Elam, a ministry to the church in Iran, reported that armed, plain-clothed security forces broke into the homes of sleeping Christians from the evangelical house church and Armenian Christian communities early on the morning of December 26. Eleven of the twenty-five Christians known to be arrested were released after days of intense interrogation. The other fourteen remain in prison and have not been heard from since the arrest, although no official charges have been brought against them. Elam also reported that these Christians are probably being held in Interrogation Block 209 in the basement of Tehran’s notorious Evin Prison. This is the common practice for dealing with Christians under arrest, according to Iranian sources. Reports of as many as 60 further arrests have also come from Tehran, Mashhad, Isfahan and Urumieh. These Christian prisoners join others such as Pastor Vahik Abrahamian and his wife Sonia Keshish-Avanesian, and Arash Kermanjani and his wife Arezo Teymouri, who were arrested in September.

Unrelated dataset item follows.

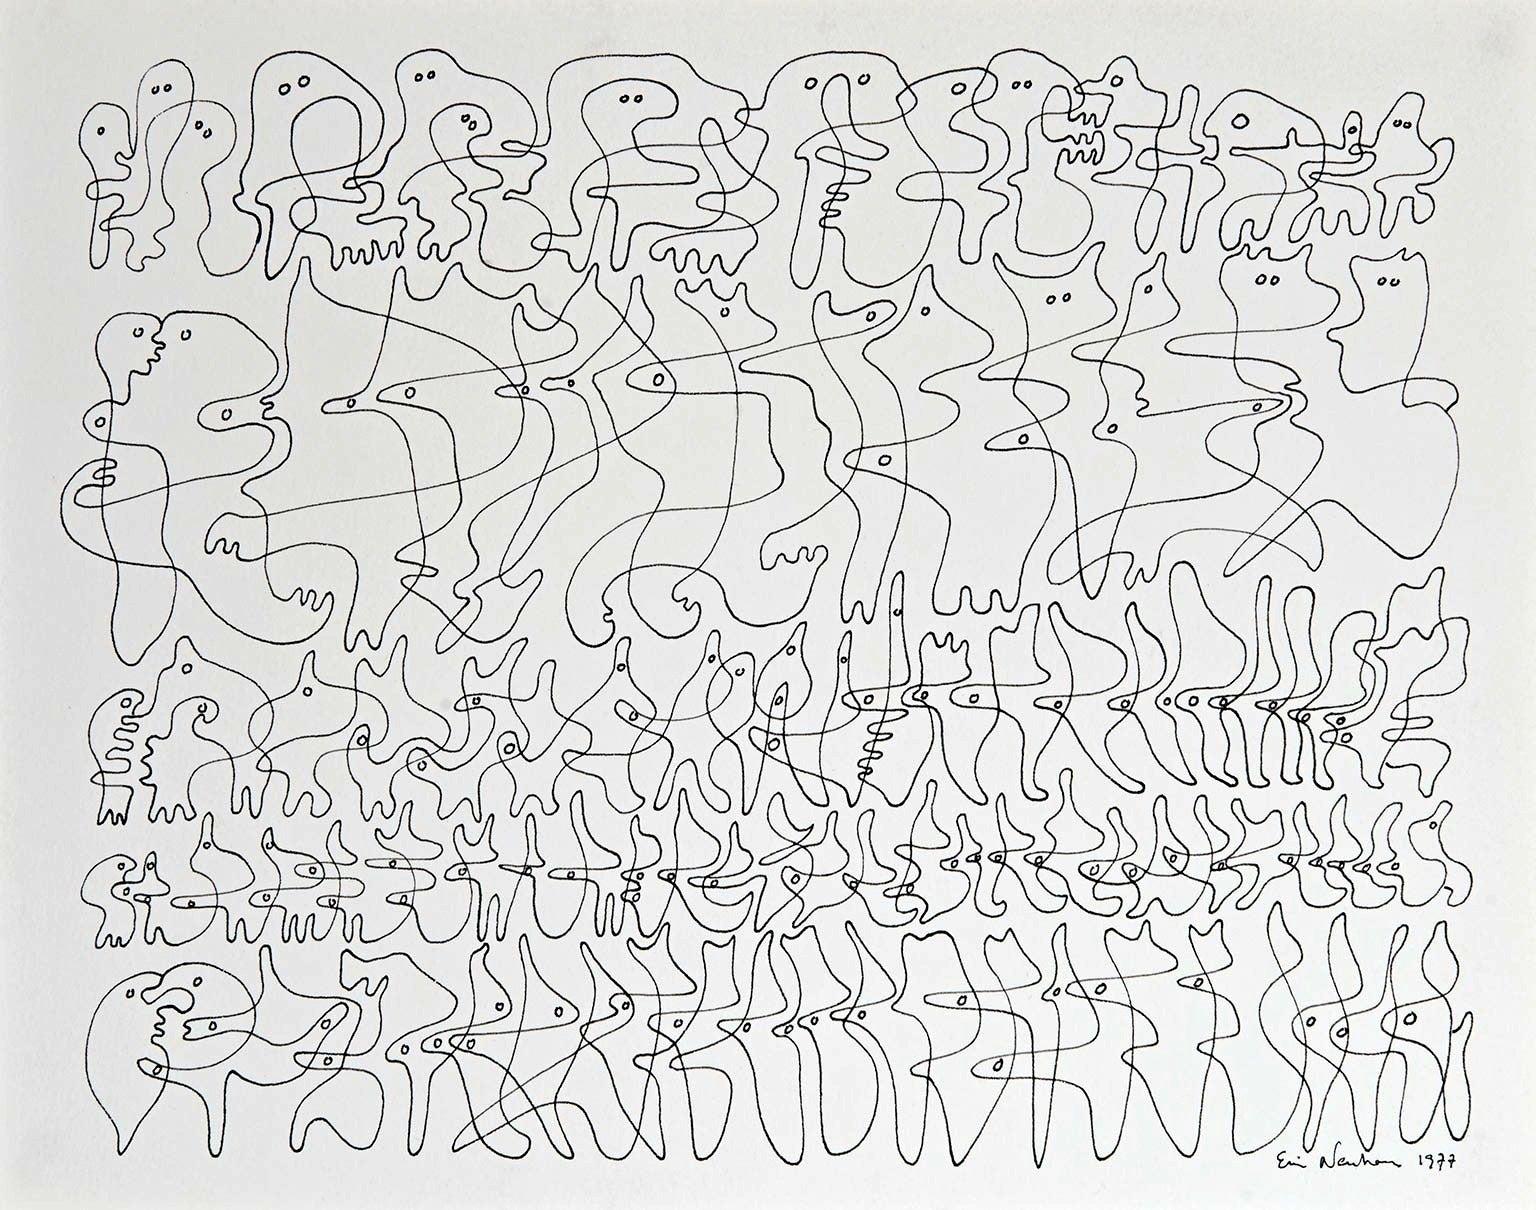 Drawing by Ervin Neuhaus
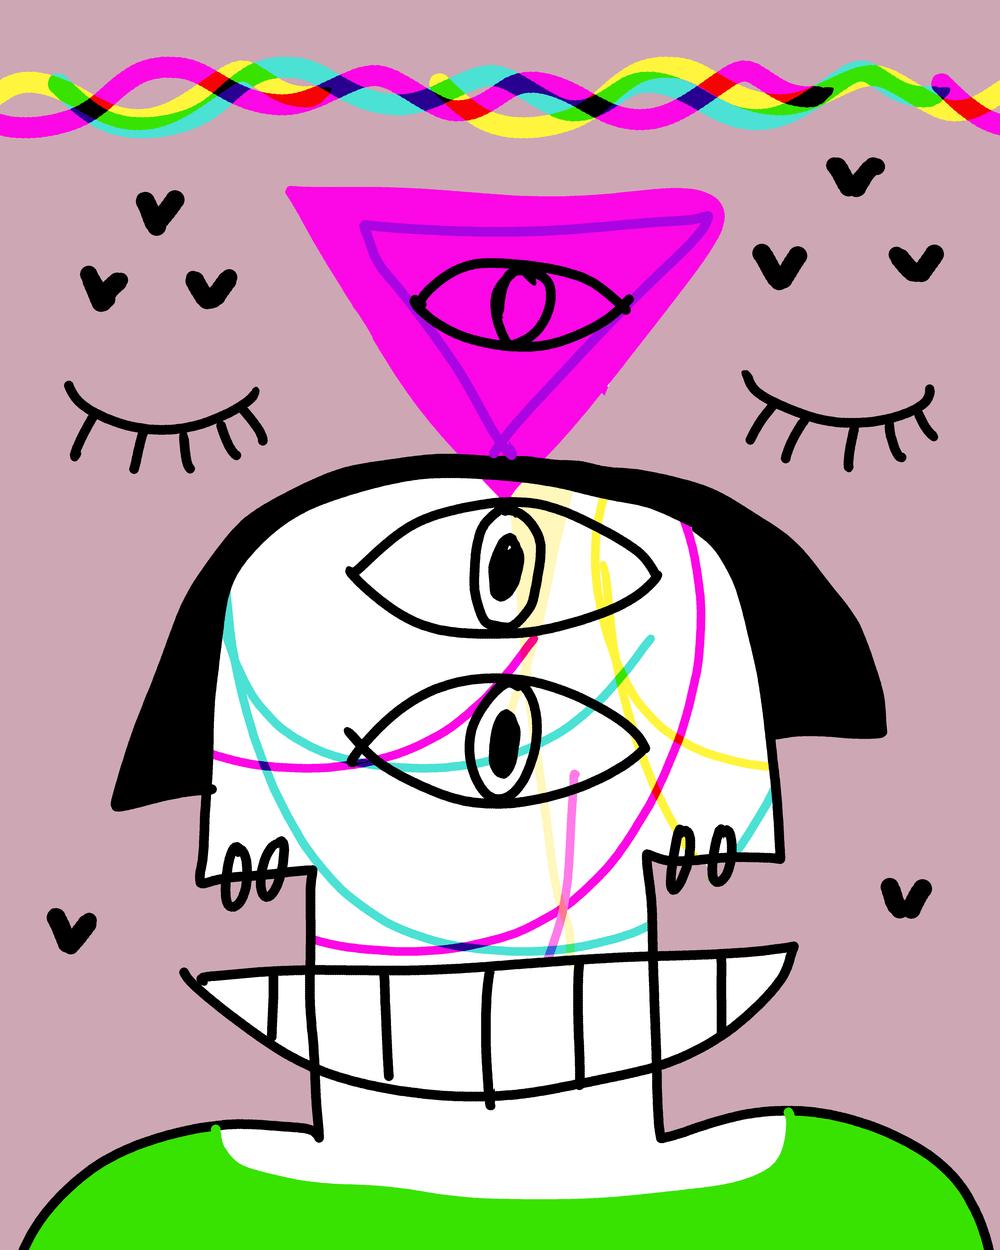 glitch-art-illustration_portrait-drawing

Long before the rest of the world began to get insomnia thinking about a “nuclear Iran,” Christians in the Islamic Republic were losing more than just sleep. For decades, Iranian Christians have lost their human rights, their freedom, and their lives. In the late 1970’s and throughout the 1980’s, Christian persecution in Iran was directed at the Anglican Church. In the 1990’s the Islamic regime targeted the broader church, murdering many top Christian leaders in an attempt to destroy Christianity in Iran. The danger continues today. Iranian Christians are persecuted, discriminated against, arrested, and even killed. But the Iranian church continues to grow, and reports surface of spiritual revival going on in Iran’s underground churches.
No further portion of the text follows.